## Action item
Using the listing below, give again exactly the lines from the line with "Ahimsa Silk: Is" to the line with "Strafrecht der Deutschen", inclusive, without the pictures.

## Material for this exercise

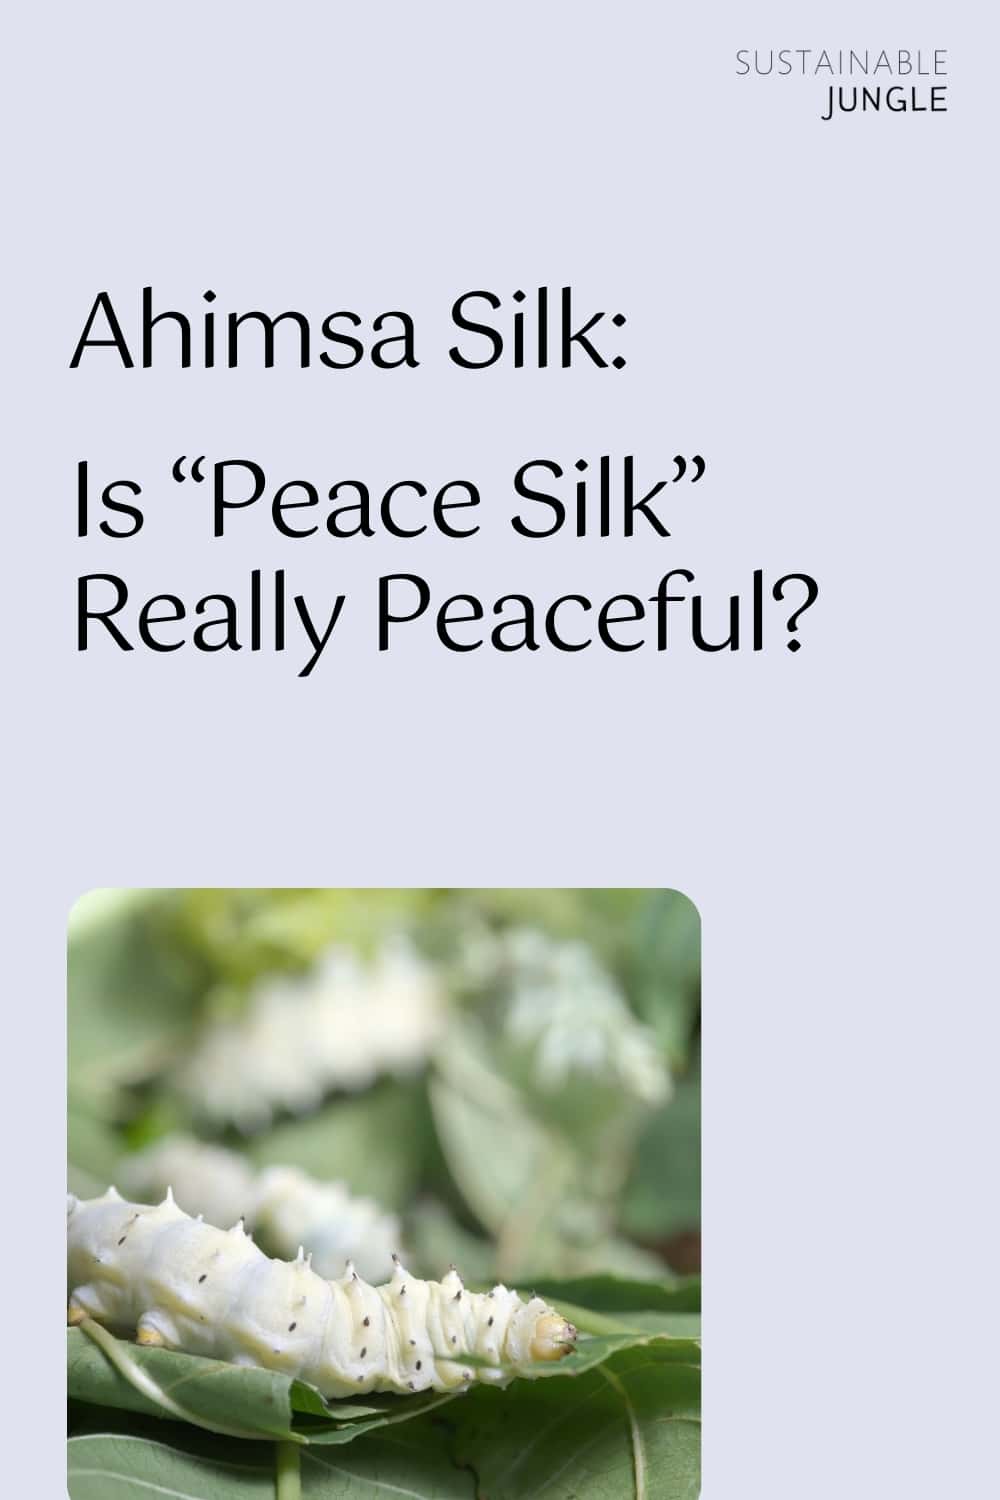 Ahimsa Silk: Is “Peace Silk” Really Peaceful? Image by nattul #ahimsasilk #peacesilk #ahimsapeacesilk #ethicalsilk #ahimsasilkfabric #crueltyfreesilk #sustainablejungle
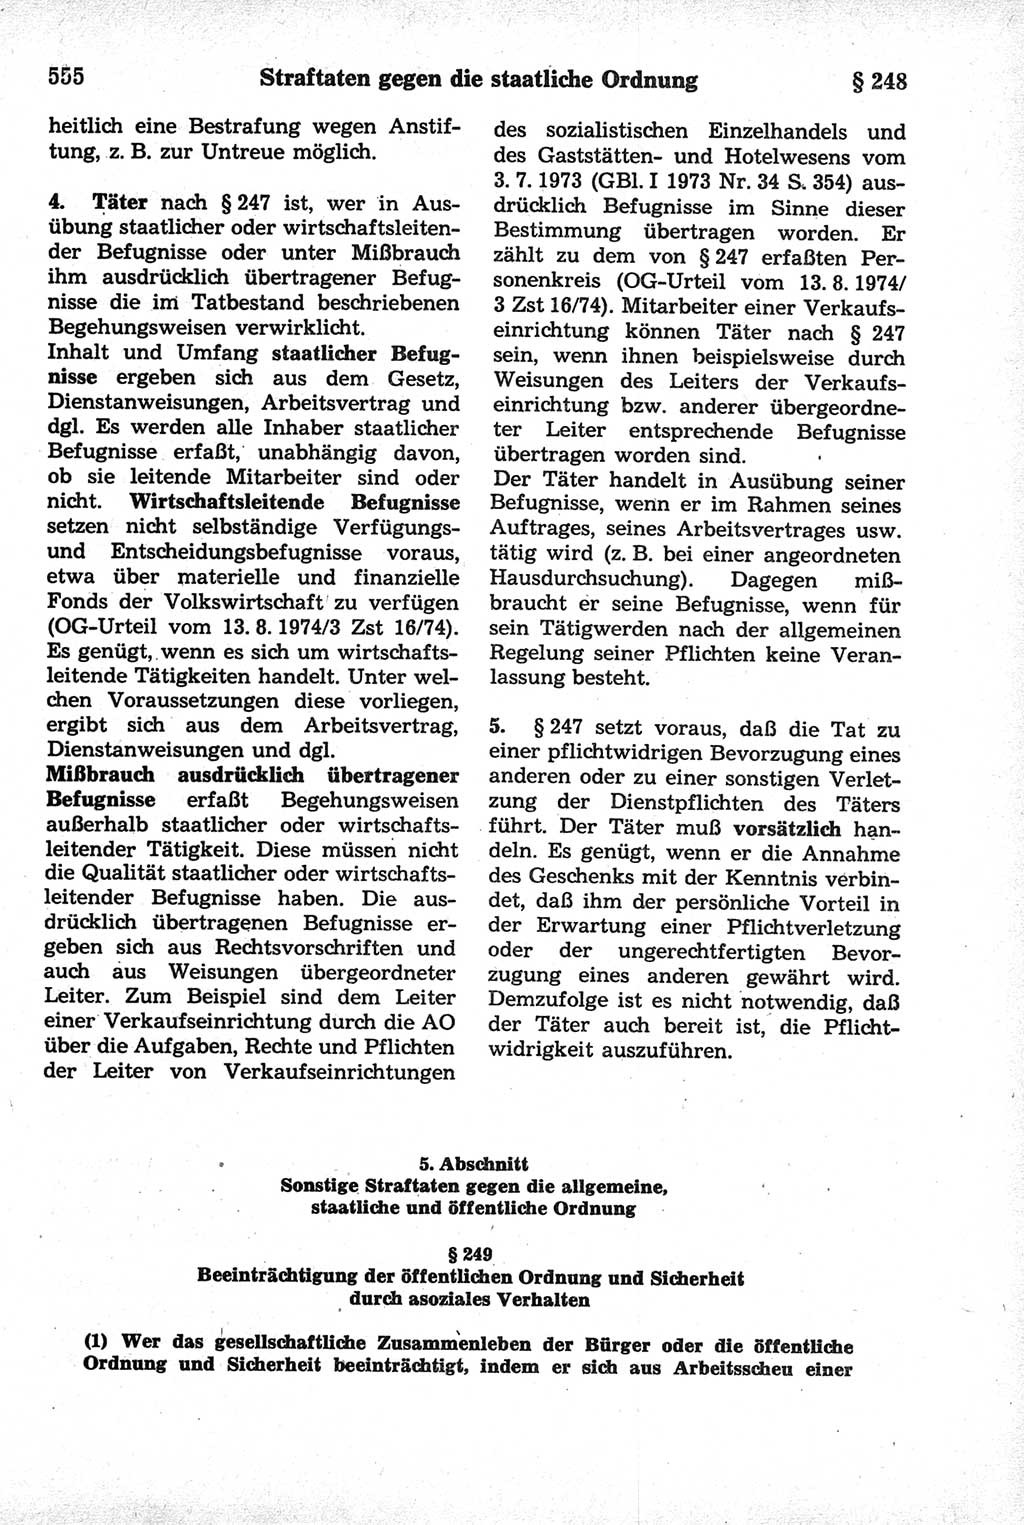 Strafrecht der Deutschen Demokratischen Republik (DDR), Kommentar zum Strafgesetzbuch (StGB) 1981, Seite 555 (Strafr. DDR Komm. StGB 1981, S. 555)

---

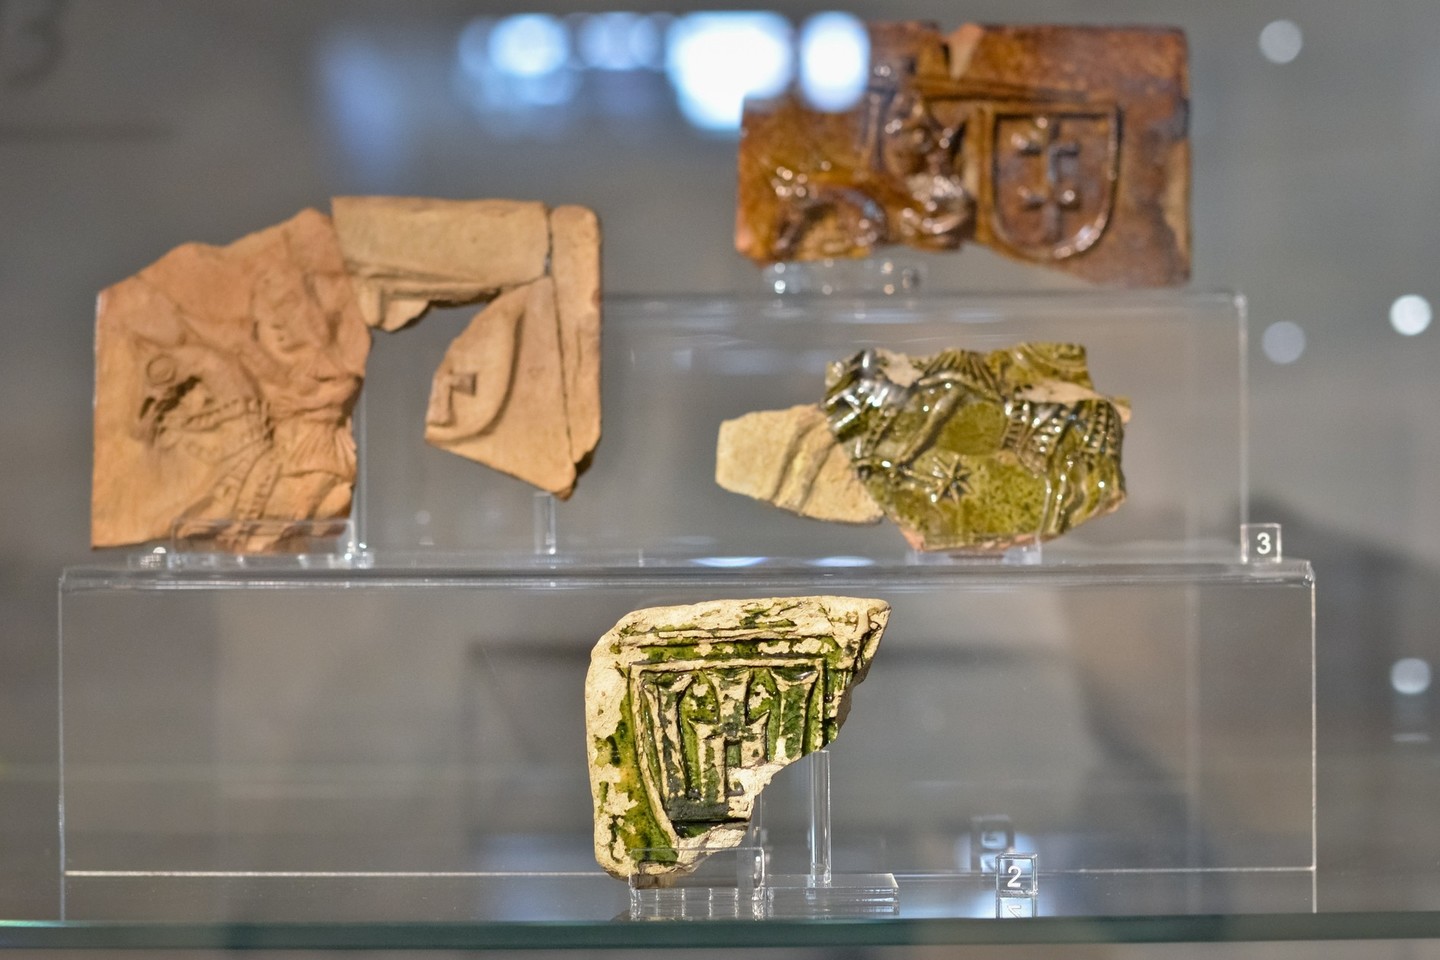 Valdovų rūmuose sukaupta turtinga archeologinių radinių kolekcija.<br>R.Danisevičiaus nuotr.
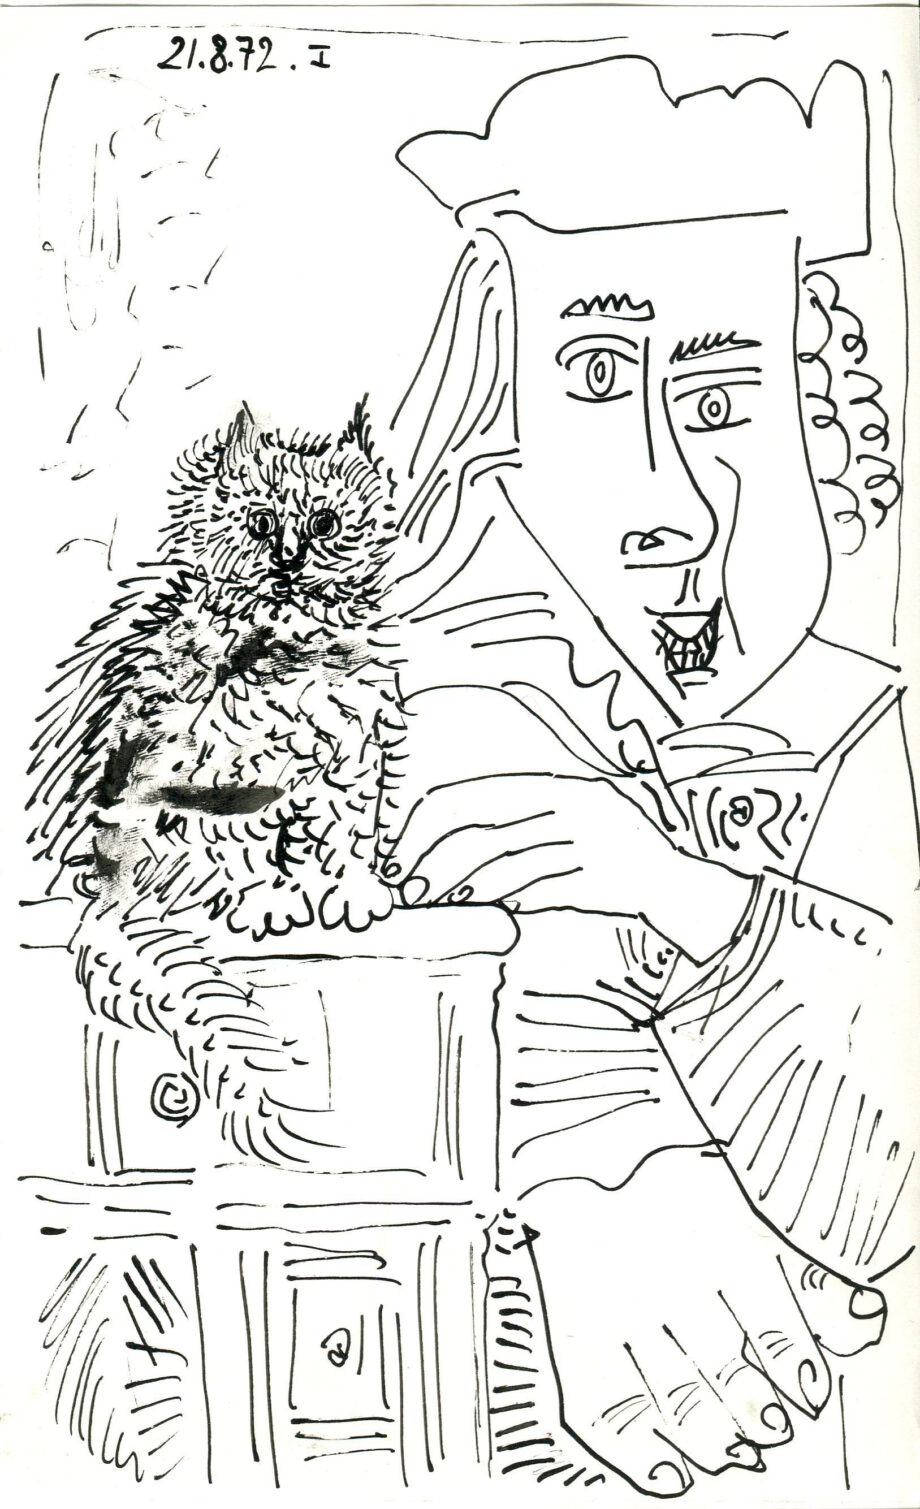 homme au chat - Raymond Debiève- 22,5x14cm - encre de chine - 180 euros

==

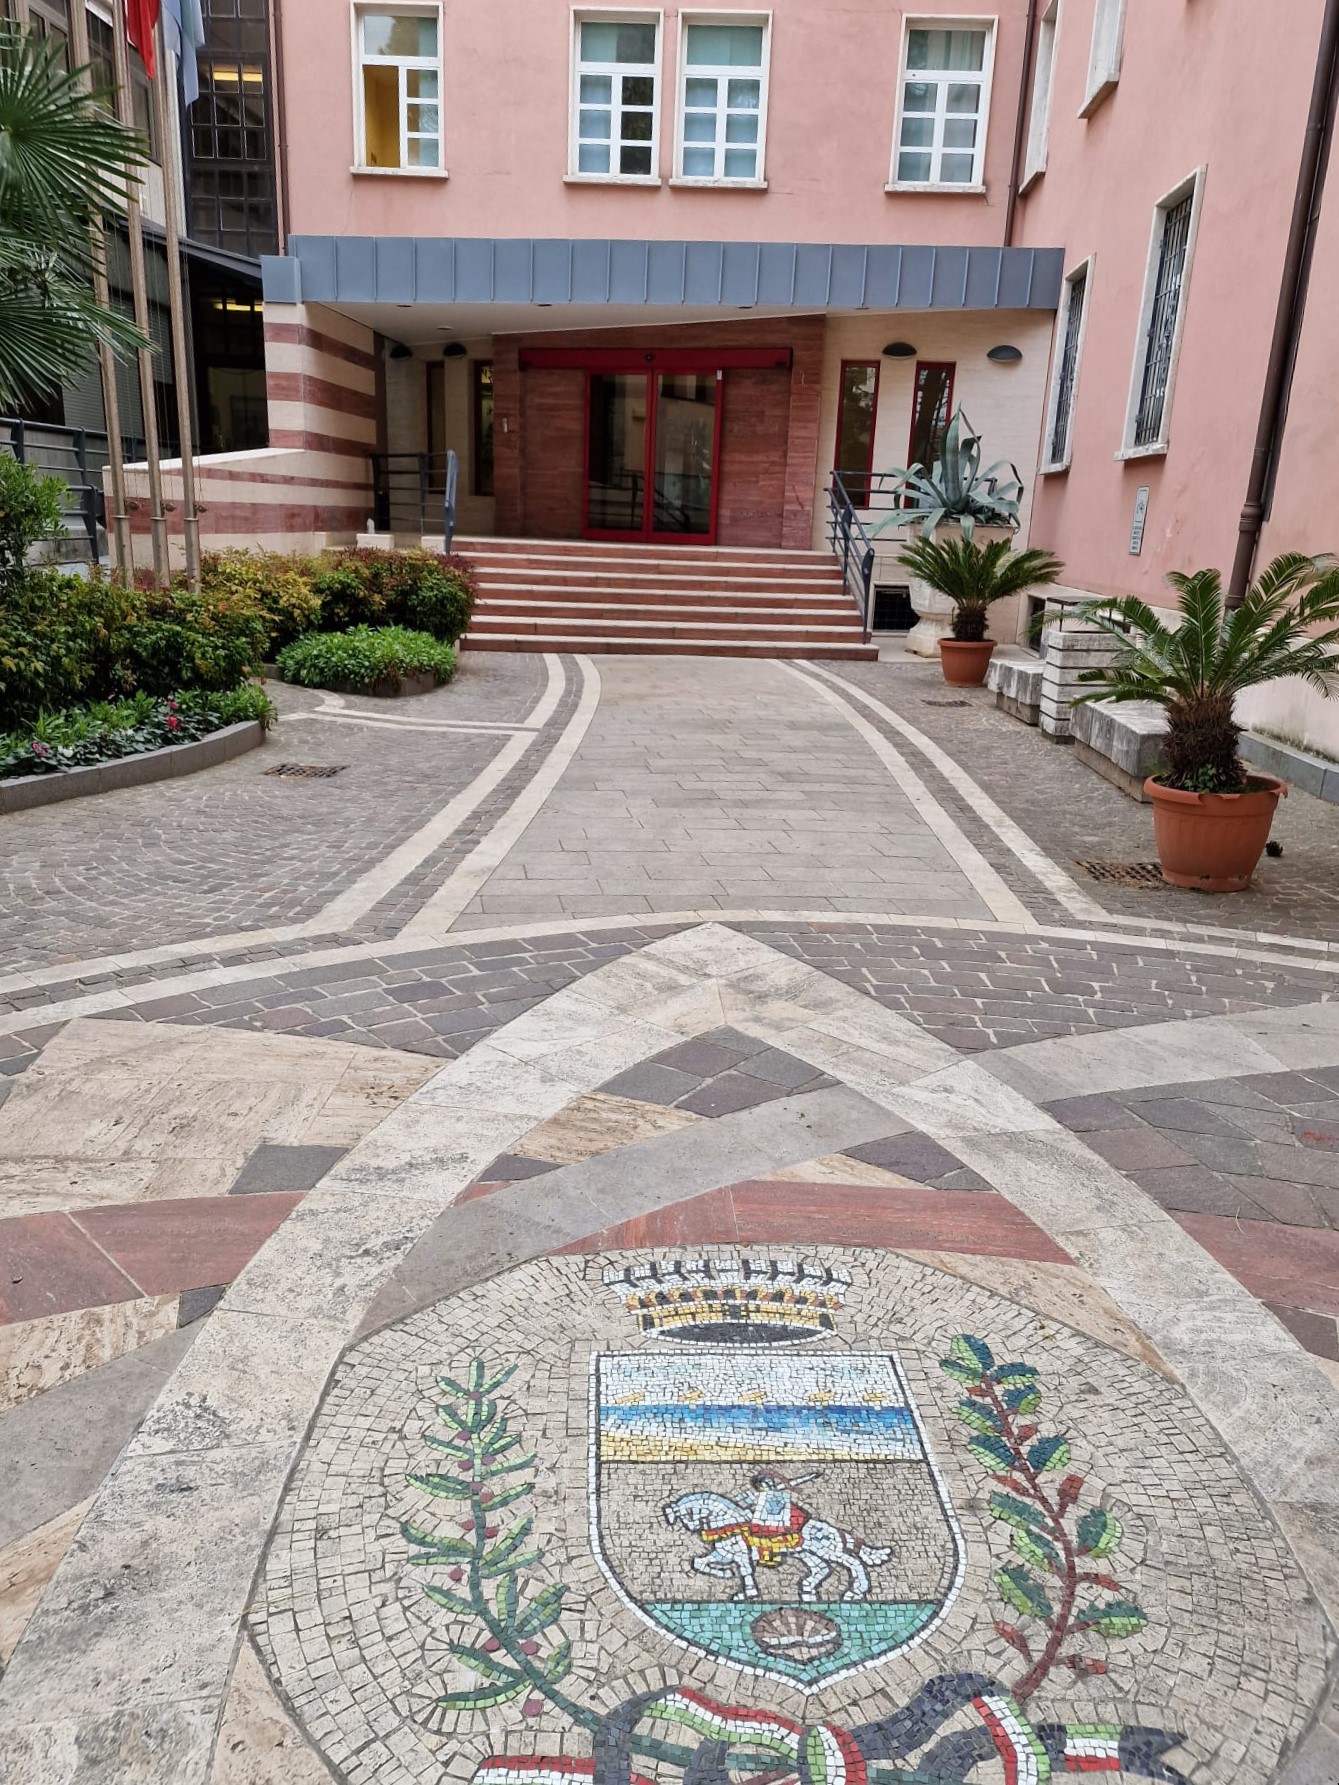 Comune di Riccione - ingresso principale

## Expected answer
 Ahimsa Silk: Is “Peace Silk” Really Peaceful? Image by nattul #ahimsasilk #peacesilk #ahimsapeacesilk #ethicalsilk #ahimsasilkfabric #crueltyfreesilk #sustainablejungle
 Strafrecht der Deutschen Demokratischen Republik (DDR), Kommentar zum Strafgesetzbuch (StGB) 1981, Seite 555 (Strafr. DDR Komm. StGB 1981, S. 555)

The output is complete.